Выбрать главу

— Вот с таким подходом и молиться надо, Лёша! Да и жить тоже! Силу воли напрягать, чтобы внимание ума не расслаблялось, чтобы ум все приходящие помыслы контролировал, вредные сразу опознавал и отбрасывал, а полезные в сердце допускал пройти и чувствами становиться.

— Это сложно, отче! Иногда и видишь, что помысел греховный, а отогнать его сразу не получается.

— Это несложно, Лёша, нужно только в себе правильный страх выработать, как на войне. Мне тут один дед-фронтовик как-то рассказывал, как на фронте бывало: иногда окопы немецкие так близко располагались, что броском гранаты их легко достать можно было. Вот, говорил, бывало, в «волейбол» и играли. У немцев гранаты были с длинной ручкой, а в ней бикфордов шнур, тоже длинный. Потому время до взрыва у немецких гранат было дольше. Вот немец, бывало, бросит гранату в наш окоп, а наш солдат — хвать её и сразу обратно швыряет, и она в немецком окопе взрывается. Тут главное не медлить, поднял и — сразу бросай! А замедлил — полетели клочки по закоулочкам!

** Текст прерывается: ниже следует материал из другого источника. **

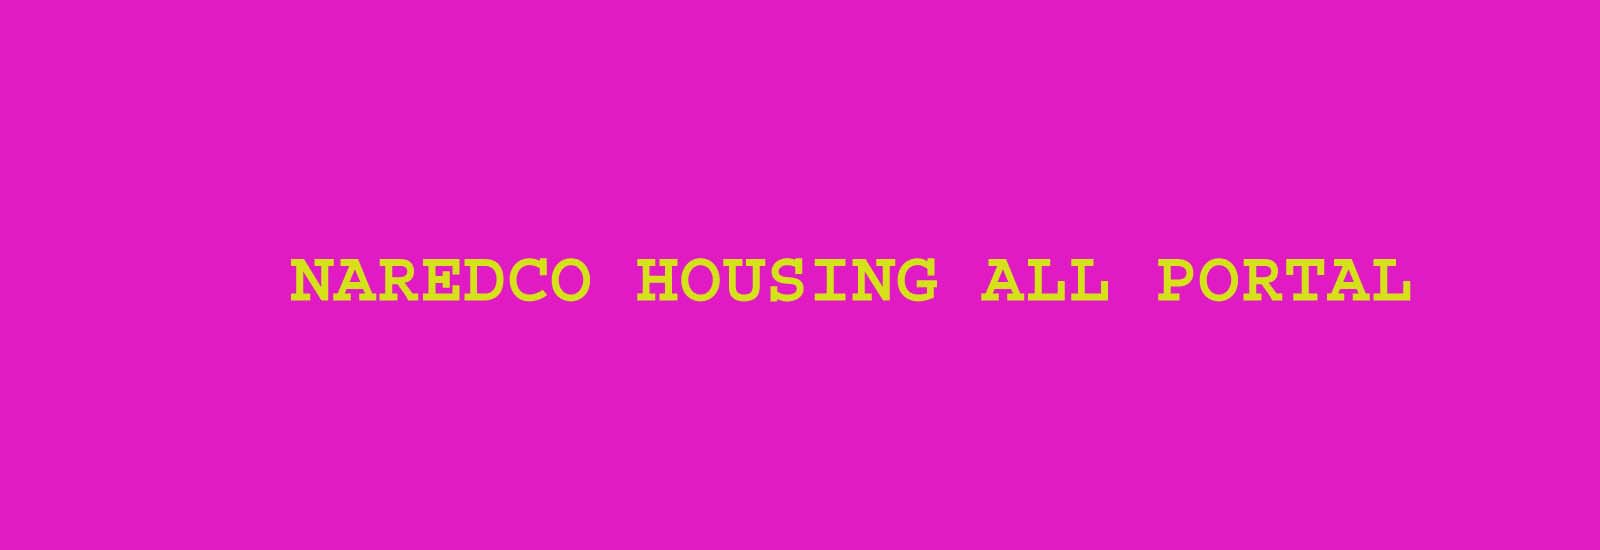 Naredco Housing All Portal : फ्लैट की बुकिंग केवल Rs 25000 में, ऑनलाइन घर की खरीदारी

Так и с помыслами, брат Алексий! Обнаружил «бесовскую гранату» — сразу отбрасывай, отгоняй молитвой! А замедлил, помысел нырь в сердце и давай в нём страсти раздувать, а страсть уже в реальные грехи норовит реализоваться!

Бояться надо греха и его разрушительных последствий — как гранаты! Тогда и медлить не будешь с отбрасыванием.

— Отче! А ведь я тогда, в Уранополисе, на этом и попался! На помысле! Я ведь всю эту пляжную публику тогда осудил! Принял помысел осуждения и самовозношения, мол, я-то «не таков, как этот мытарь»! Я, мол, благочестивый паломник, на Святой Горе «подвизался» и даже «за праведность» Божьим даром отмечен — сердечной молитвой! Забыл, что сам — свинья-свиньёй и только по милости Божьей и чужим молитвам в своём свинстве ещё пока не погиб! Молитвенник великий! Вот меня Господь, поделом, и наказал — отнял то, что не заработал и чем кичился! Так мне и надо! Слава Богу за всё!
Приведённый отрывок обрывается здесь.